Land gibt weitere 20 Millionen Euro für die Umsetzung regionaler LEADER-Konzepte frei


Für das Regionalentwicklungsprogramm LEADER hat die Landesregierung am 04.06.2018 in Stuttgart weitere 20 Millionen Euro EU-Mittel aus dem Europäischen Landwirtschaftsfonds für die Entwicklung des ländlichen Raums (ELER) freigegeben. Damit verfügt jede LEADER-Region des Landes bis zum Jahr 2020 über weitere EU-Mittel. Die einzelnen Beträge liegen zwischen rund 950.000 Euro bis zu rund 1,2 Million Euro. Bereits zu Beginn der Förderperiode LEADER 2014 - 2020 wurden in einer ersten Tranche insgesamt 27 Millionen Euro an EU-Fördermitteln gleichmäßig auf die 18 ausgewählten LEADER-Regionen verteilt. Diese Gelder wurden seitdem für aus lokaler Sicht bedeutende Projekte eingesetzt.

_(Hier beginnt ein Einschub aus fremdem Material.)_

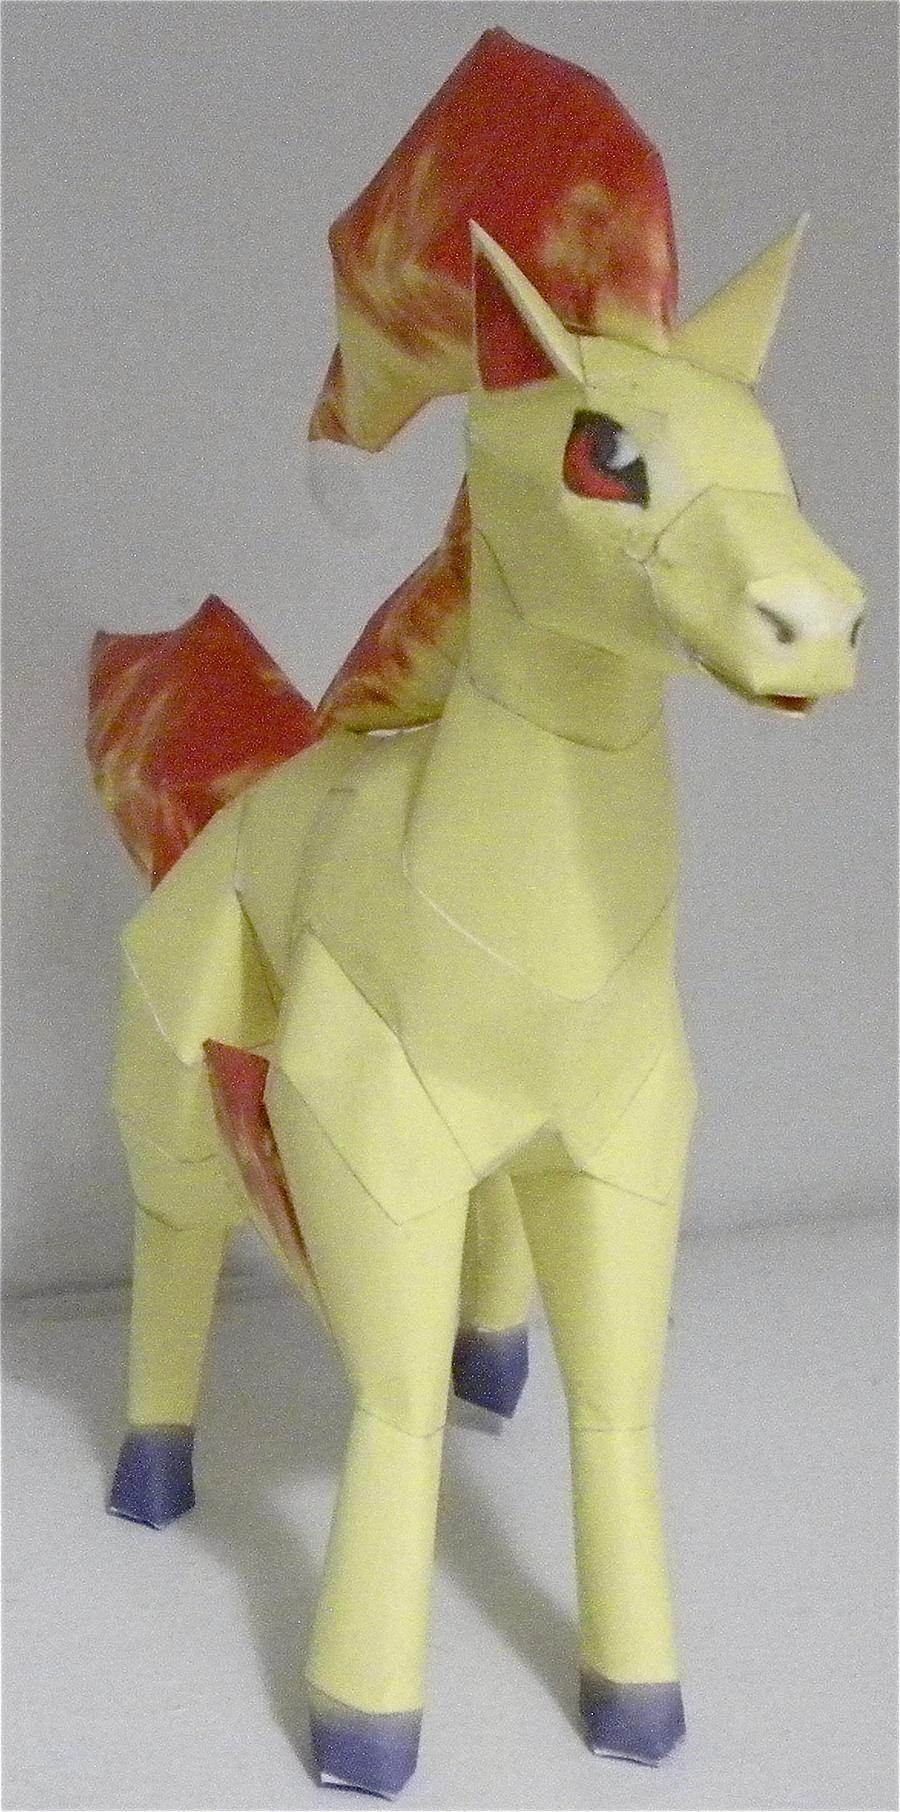 Ponyta by jewzeepapercraft
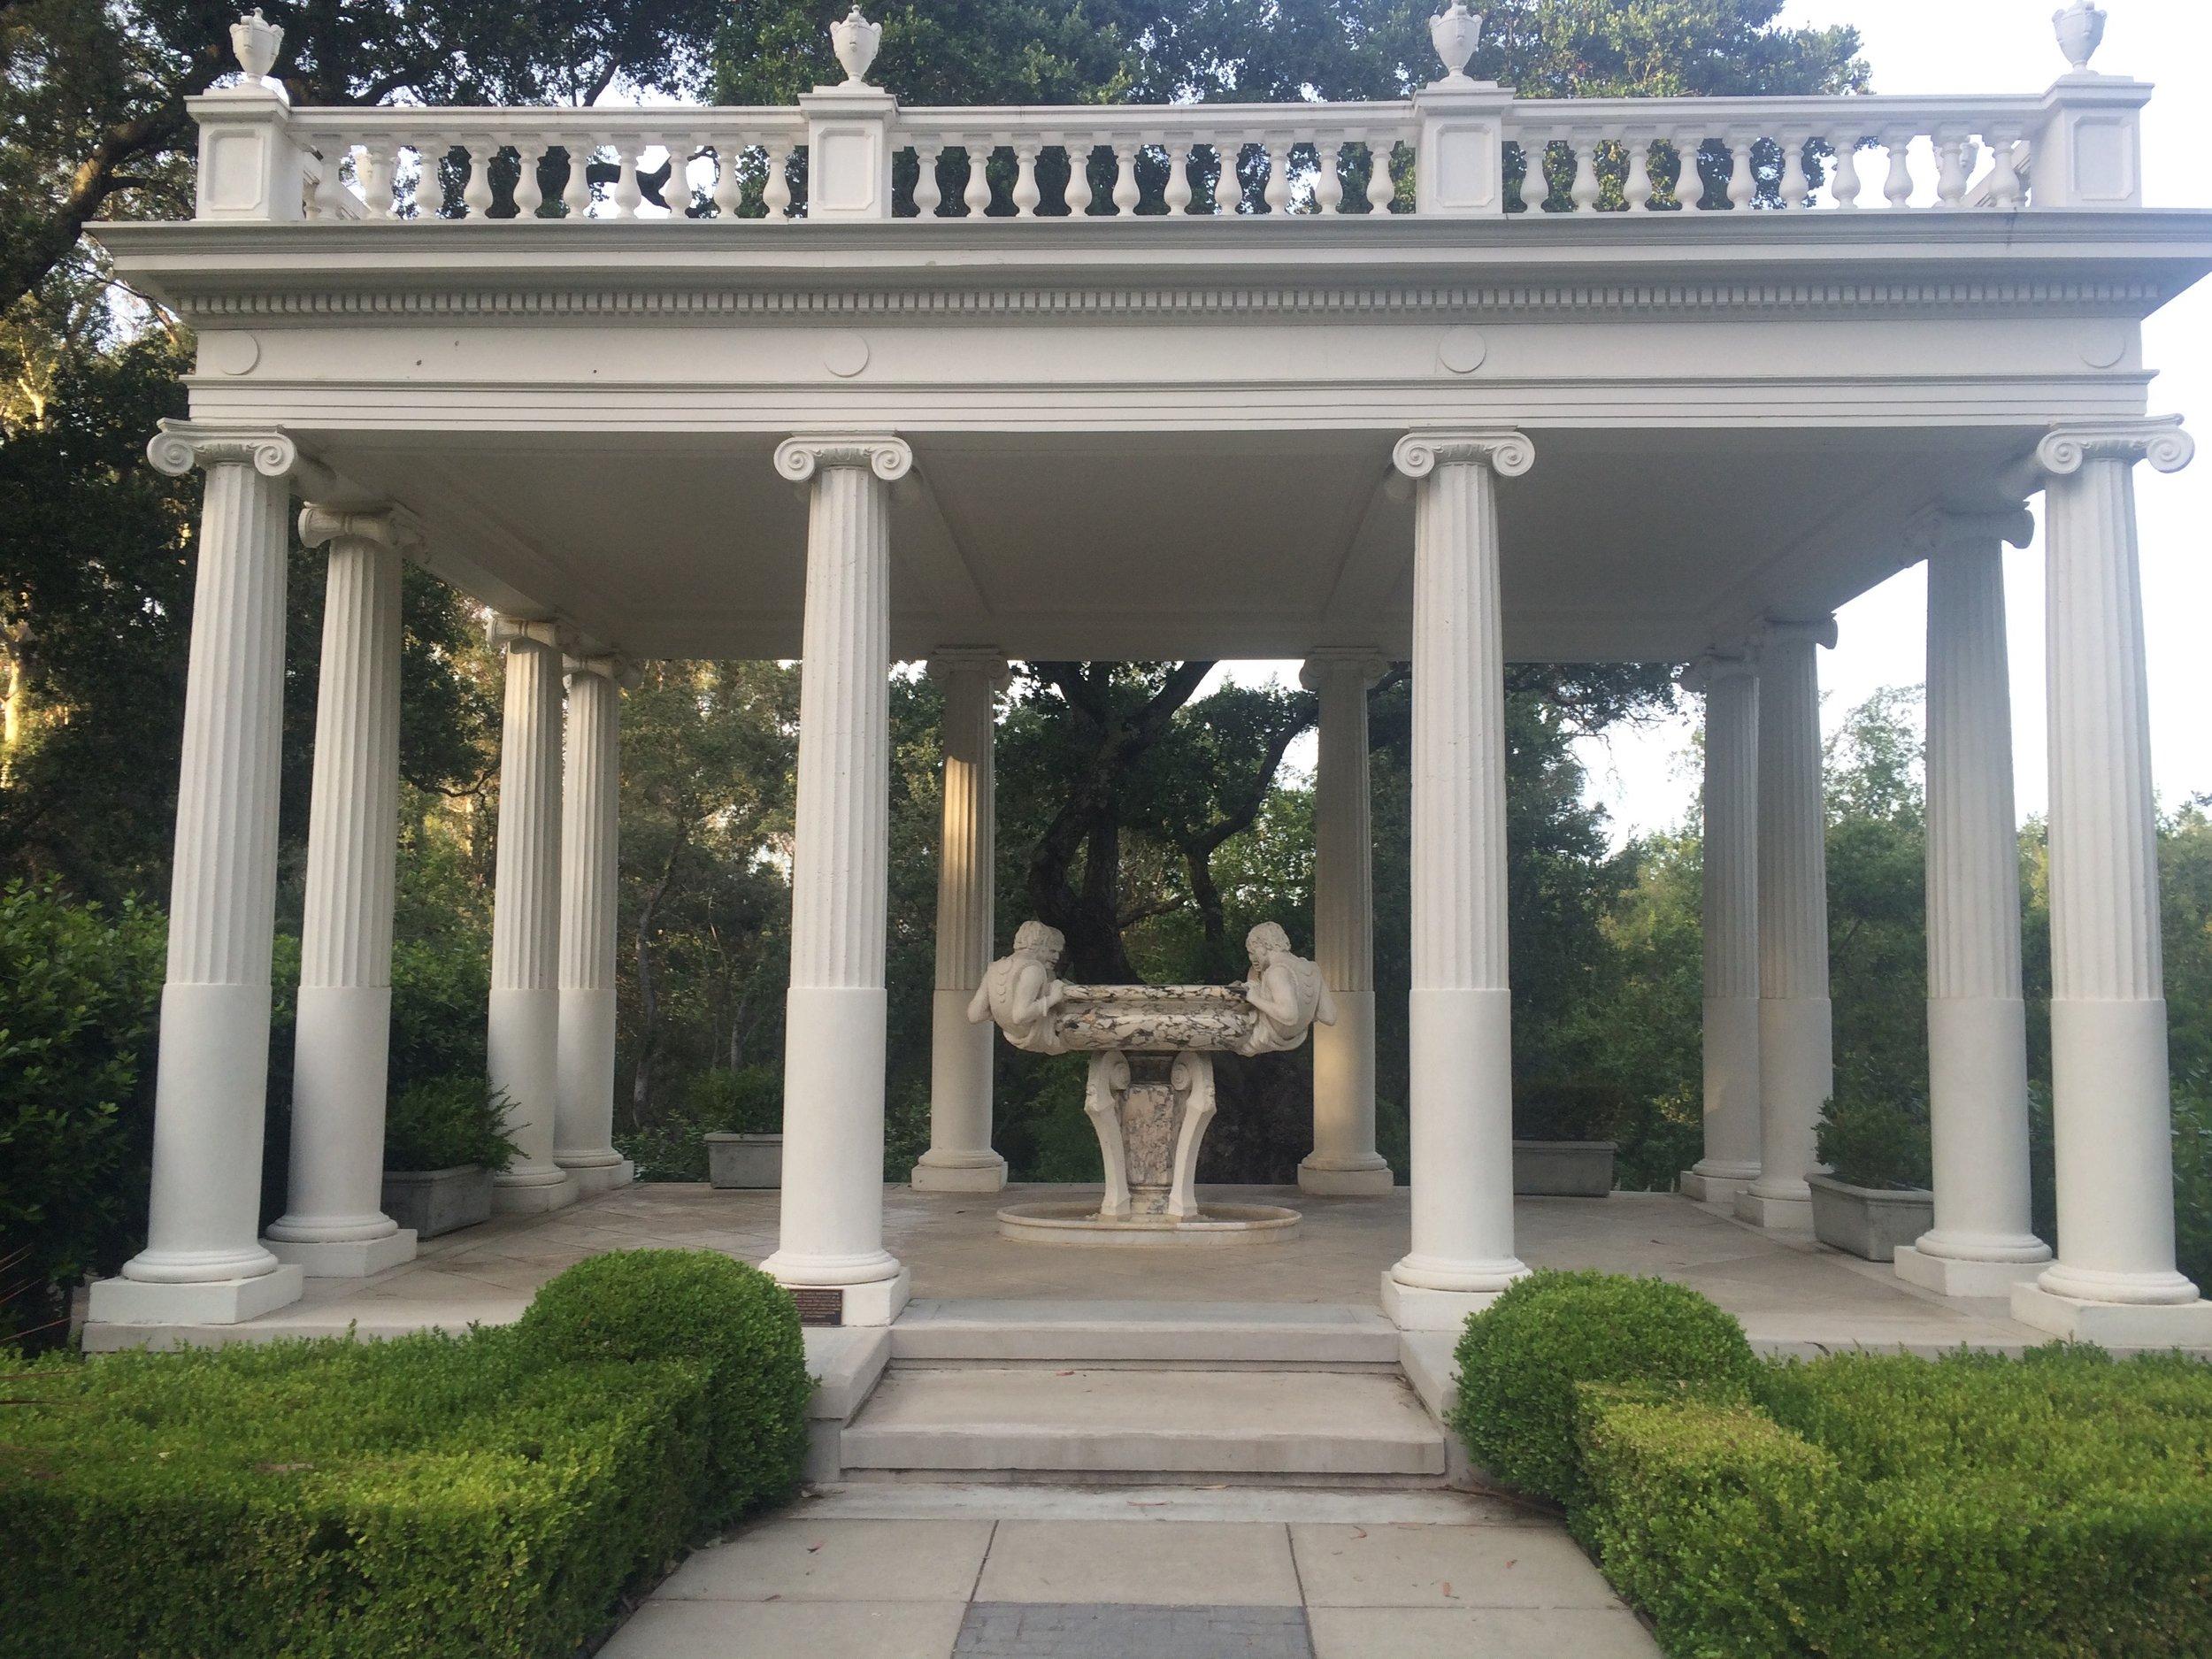 Temple of Love, Italianate Garden - Photo by Ava Roy

Die Mittelverteilung der sogenannten zweiten Tranche orientiert sich am bisherigen Projektumsetzungsstand in den einzelnen Regionen. „Gleichwohl ist die Verteilung relativ gleichmäßig“, erklärte Minister Hauk (MdL). Insgesamt hätten alle LAGen im Land ihren Regionalentwicklungsprozess sehr engagiert gestaltet. „Es gibt nur Gewinner“, betonte Hauk.